La mentira ha estado en el centro del discurso presidencial. La mentira es el rasgo distintivo de los enemigos del pueblo, la marca de la mafia. Quienes “nos robaron la presidencia”, asegura el tabasqueño, lo hicieron a través de un fraude, que no es otra cosa sino una mentira generalizada y sistemática que puso de cabeza el orden legal, enfermándolo al punto que se volviera contra la justicia.
La mentira es la treta rousseauniana, la que los ricos contaron a los pobres para convencerlos de que vivir en un mundo dominado por los primeros los liberará finalmente de las cadenas y les dará la soñada libertad. Es el engaño fundamental de Marx, al que llamó alienación; es esa mentira fundacional que Nietzsche renombró como moral de esclavos.
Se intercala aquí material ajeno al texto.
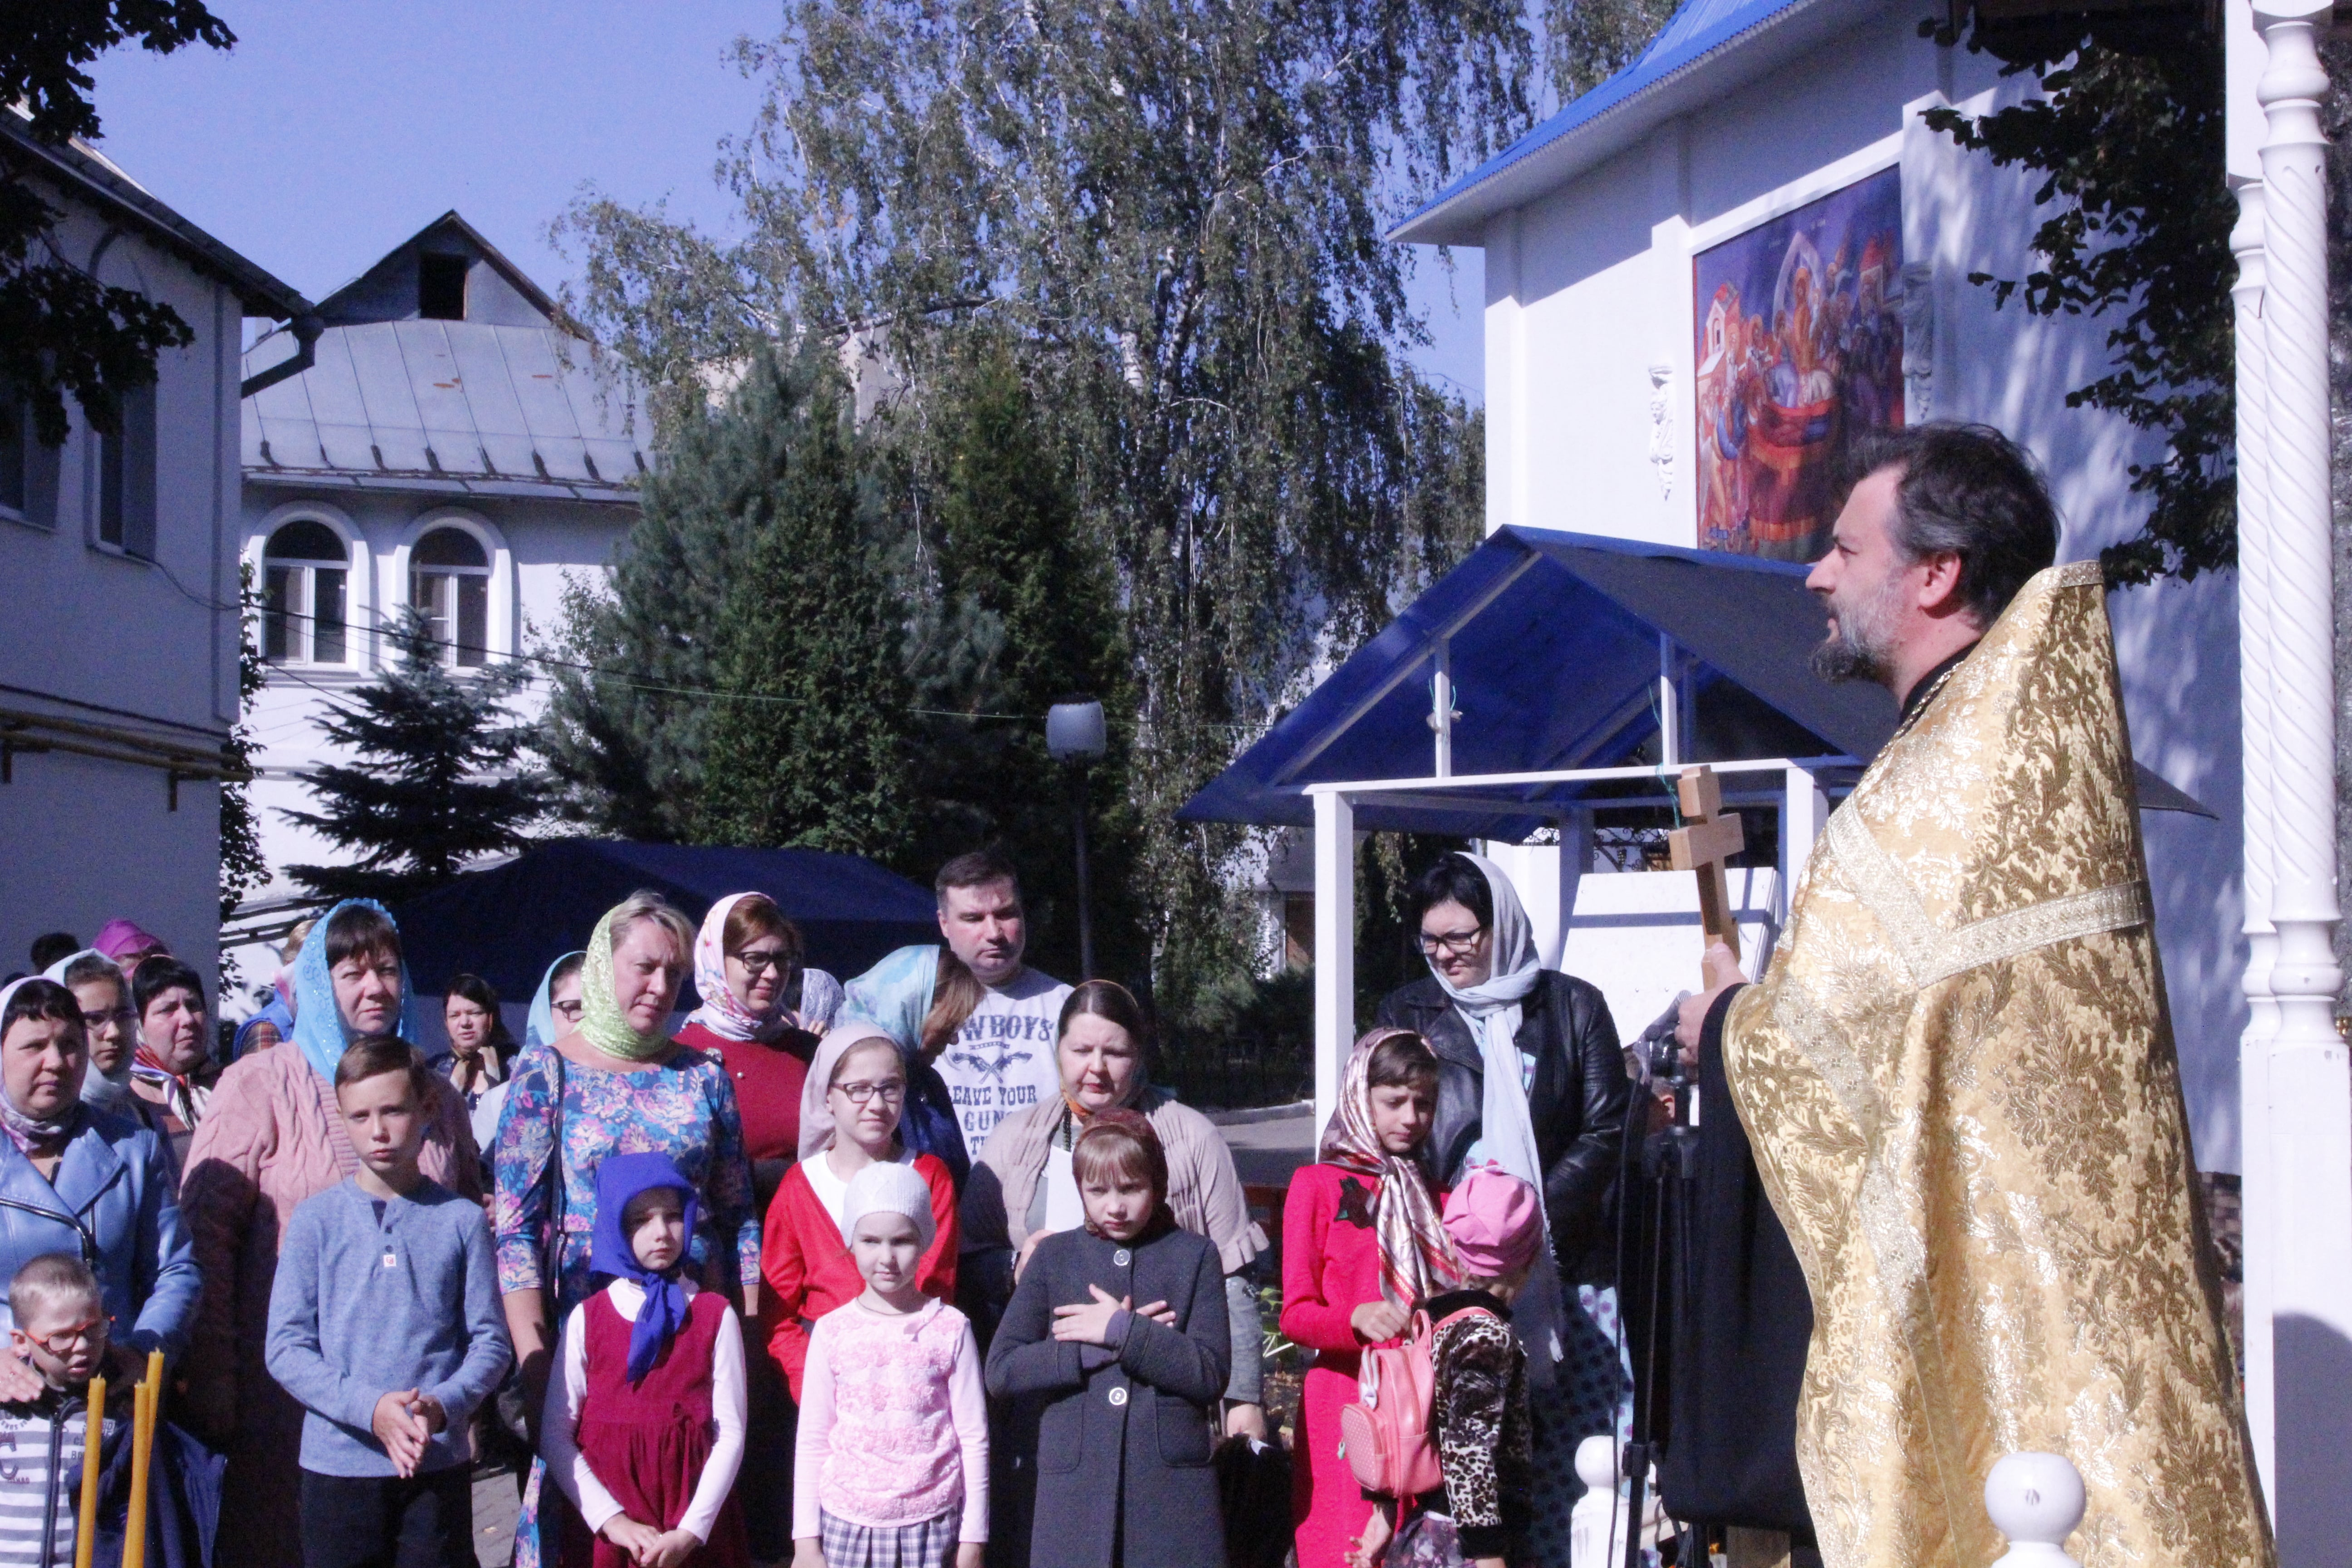 http://monuspen.ru/photoreports/94a621e80539502c1d003484c2f983dj.JPG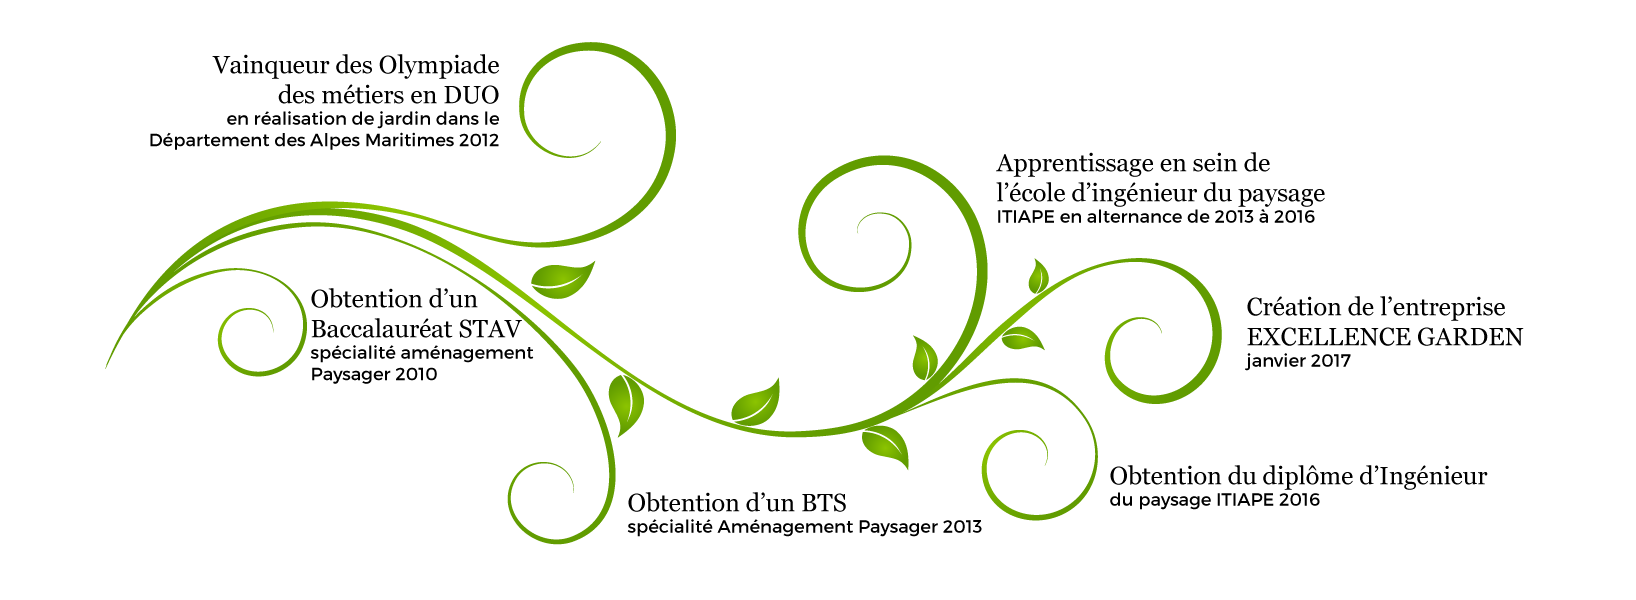 Excellence garden - Entreprise de conception d'espace vert crée en 2017

La mentira es social lo mismo que individual: es la opacidad a través de la cual el mundo se deforma progresivamente, sin que sea siquiera posible intuir esa constitutiva deformidad.
El siñorpresidente invita al pueblo a una cultura de verdad, de rendición de cuentas, de moral moralizante de la cosa pública, del gobierno y del trono, al absoluto respeto por el derecho de réplica, a una renovación que va más allá de la democracia. Una verdad que apunta al espíritu mismo de la nación.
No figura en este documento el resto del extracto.